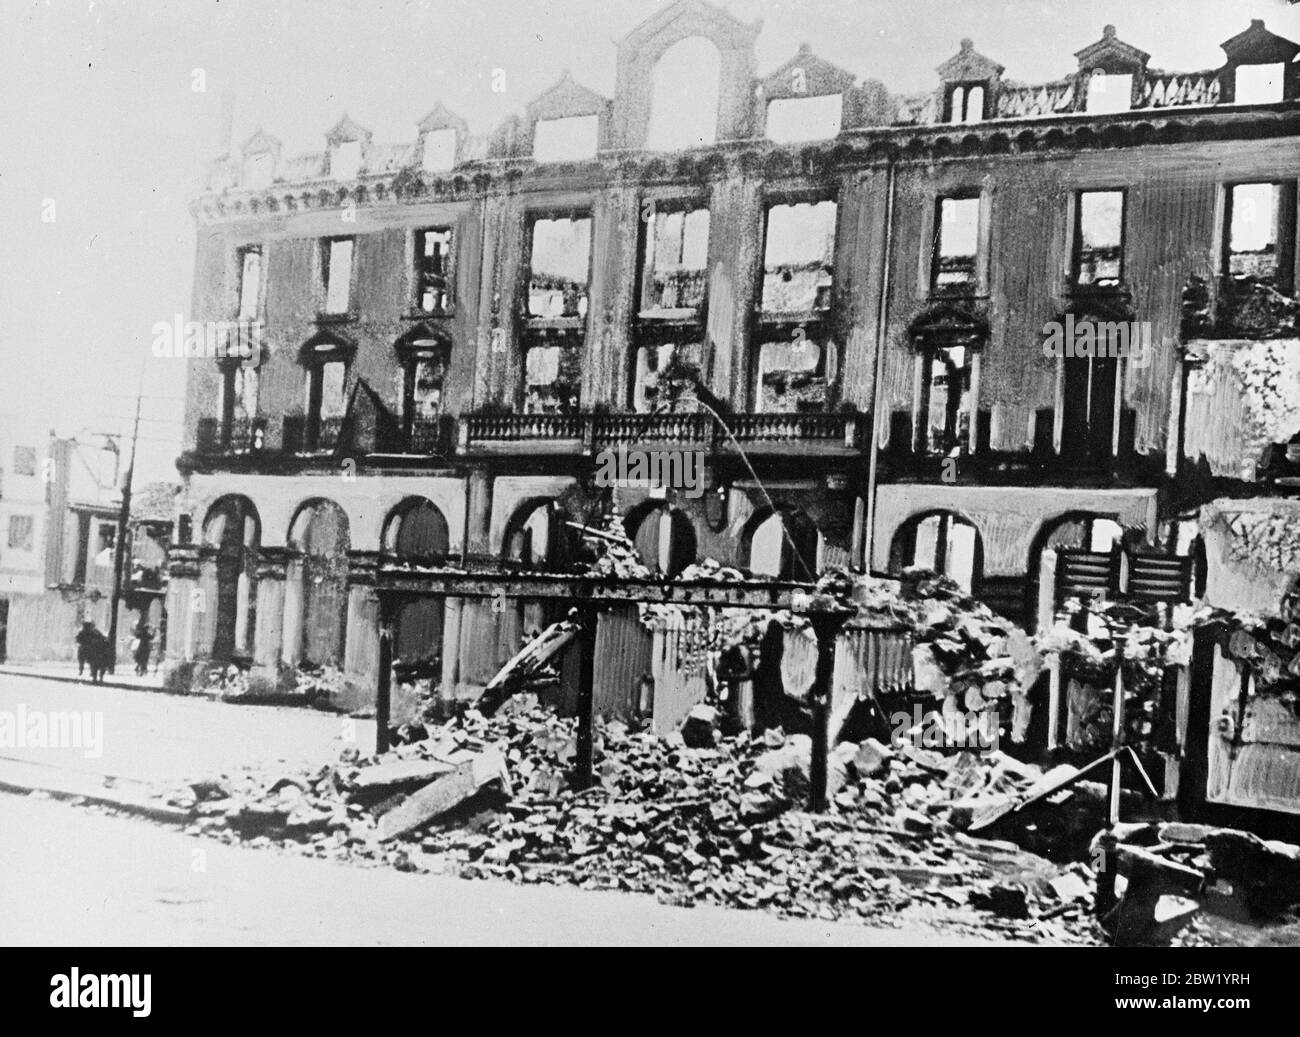 Die Stadt Mungia, nur wenige Kilometer von Bilbao entfernt, ist in Trümmern, nachdem die Rebellen in ihrem schnellen Vormarsch nach Bilbao, Baskenland, die heftigen Luftangriffe und Artilleriebeschuss durchgeführt hatten. 18 Juni 1937 Stockfoto
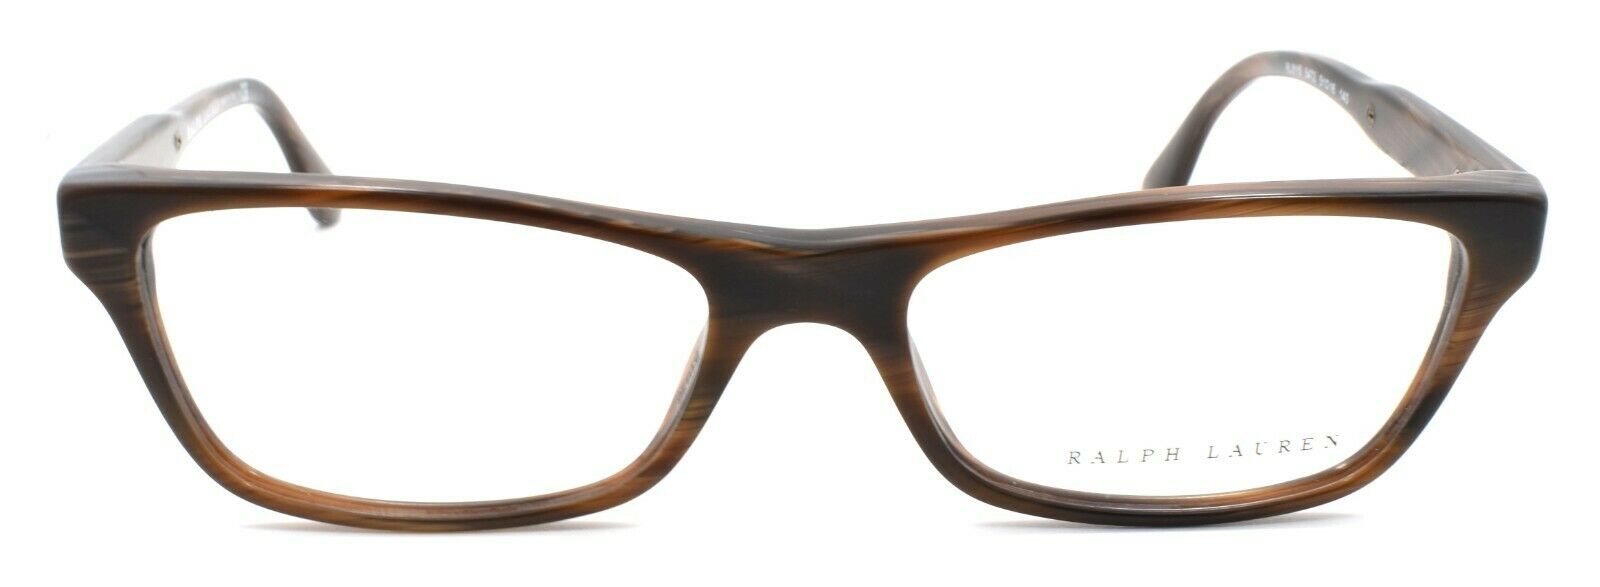 2-Ralph Lauren RL6115 5472 Women's Eyeglasses Frames 51-16-140 Brown Horn-8053672232615-IKSpecs
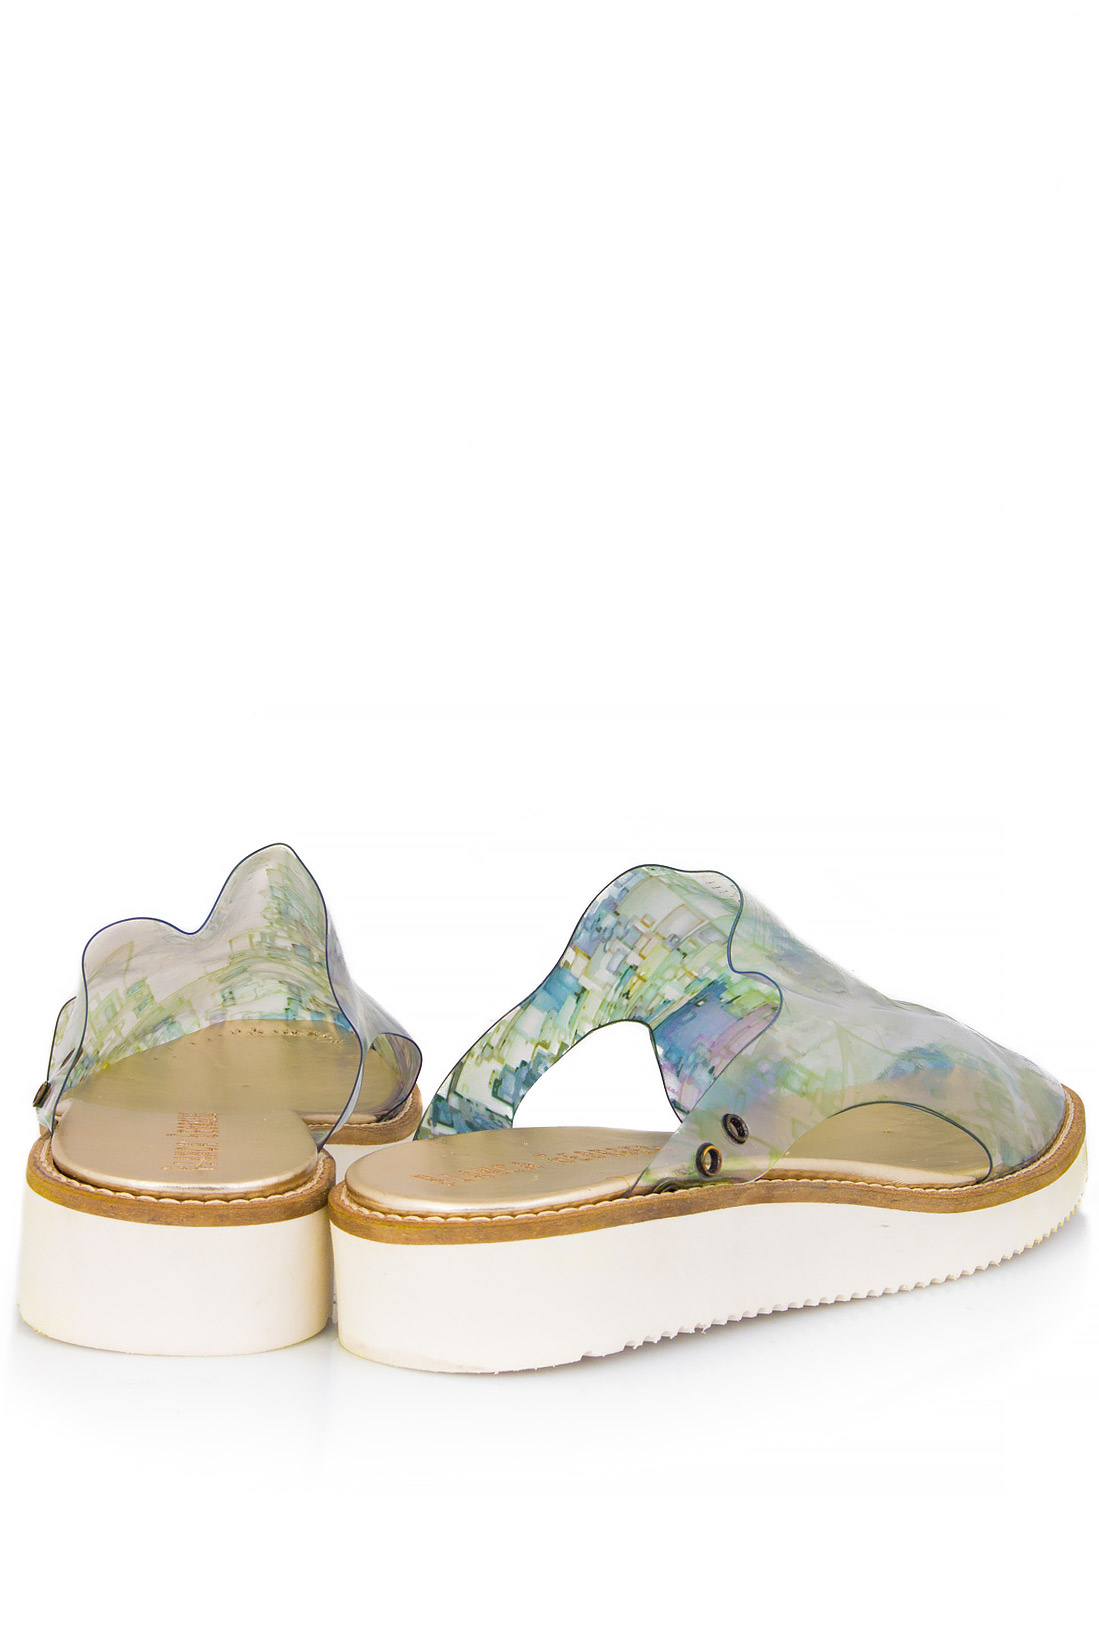 Pantofi din PVC ''Nurdle'' Bianca Georgescu imagine 2

What you should do: Return each line of the material exactly as written; exclude the pictures.

Exercise output:
 Die Stadt Mungia, nur wenige Kilometer von Bilbao entfernt, ist in Trümmern, nachdem die Rebellen in ihrem schnellen Vormarsch nach Bilbao, Baskenland, die heftigen Luftangriffe und Artilleriebeschuss durchgeführt hatten. 18 Juni 1937 Stockfoto
 2-Ralph Lauren RL6115 5472 Women's Eyeglasses Frames 51-16-140 Brown Horn-8053672232615-IKSpecs
 Pantofi din PVC ''Nurdle'' Bianca Georgescu imagine 2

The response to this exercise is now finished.